SDD proposal: GUID usage

TDWG working group: Structure of Descriptive Data (SDD)

(Currently a raw discussion document, not worked through!)

Introduction

Discuss globally unique identifiers, and architectural issues how to separate terminology definition and item description and support federated descriptive data projects. Use a web-URN or a GUID model?

Current GBIF standpoint:

Donald Hobern prefers numeric GUIDs to avoid misinterpretation: "I note that you will be discussing globally unique identifiers and agree that this is an essential item. Like you I feel that the scheme for these need not be readable in the way that URIs are." (pers. comm. to G. Hagedorn)

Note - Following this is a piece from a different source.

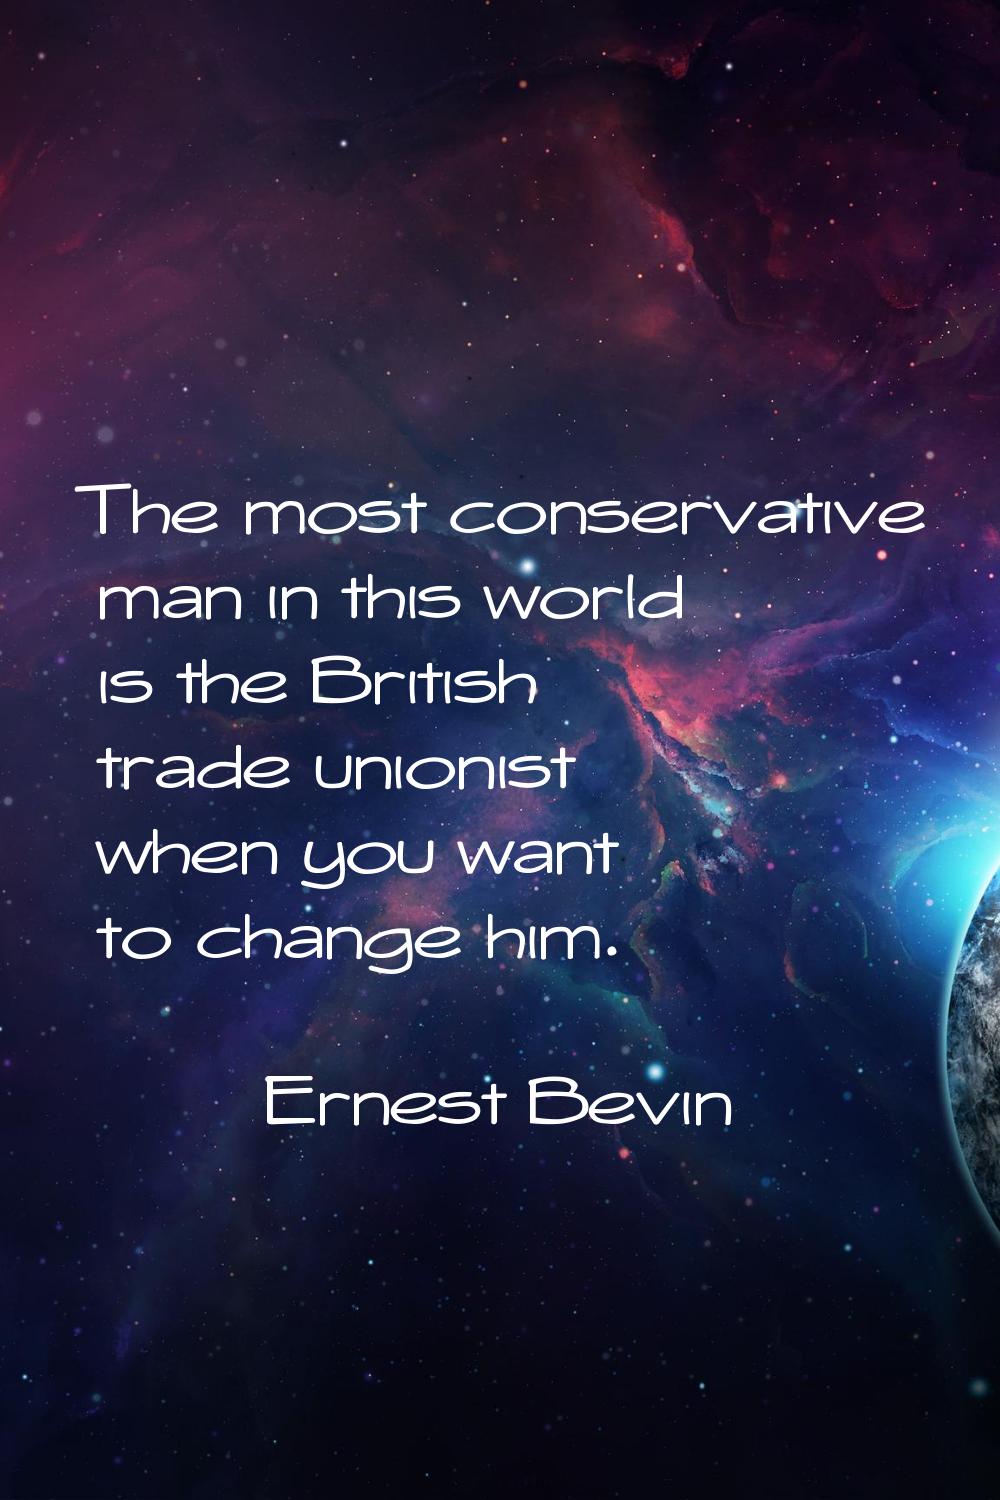 The most conservative man in this world is the British trade unionist when you want to change him.

Hannu Saarenmaa rather prefers URIs: "There are a few options for the form that TCIDs should take. These include a 64 bit long integer, a 128 bits long GUID (Globally Unique Identifier), or an URI string. While the integer form could easiest be used as database key, it would not be easy to distribute and read by human users. It might not always be recognized as a globally unique key. These factors could cause errors. GUIDs would be unique and not so easy to miss what they are, but are even less readable than numbers. URIs would therefore probably be the best solution. Examples:
www.lepidoptera.com/papilionidae/parnassius/apollo/fennica
fennica.apollo.parnassius.lepidoptera.net
mail.santaclaus.fi/reindeers/rudolf" (From "Taxonomic Object Service (RFC)", draft 0.4 by Hannu Saarenmaa, 2003)

Telefone numbers are not so bad in being readable. They actually have the problem, of being semantical, i.e. you have to change your number when you are moving (which is currently being increasingly relaxed!).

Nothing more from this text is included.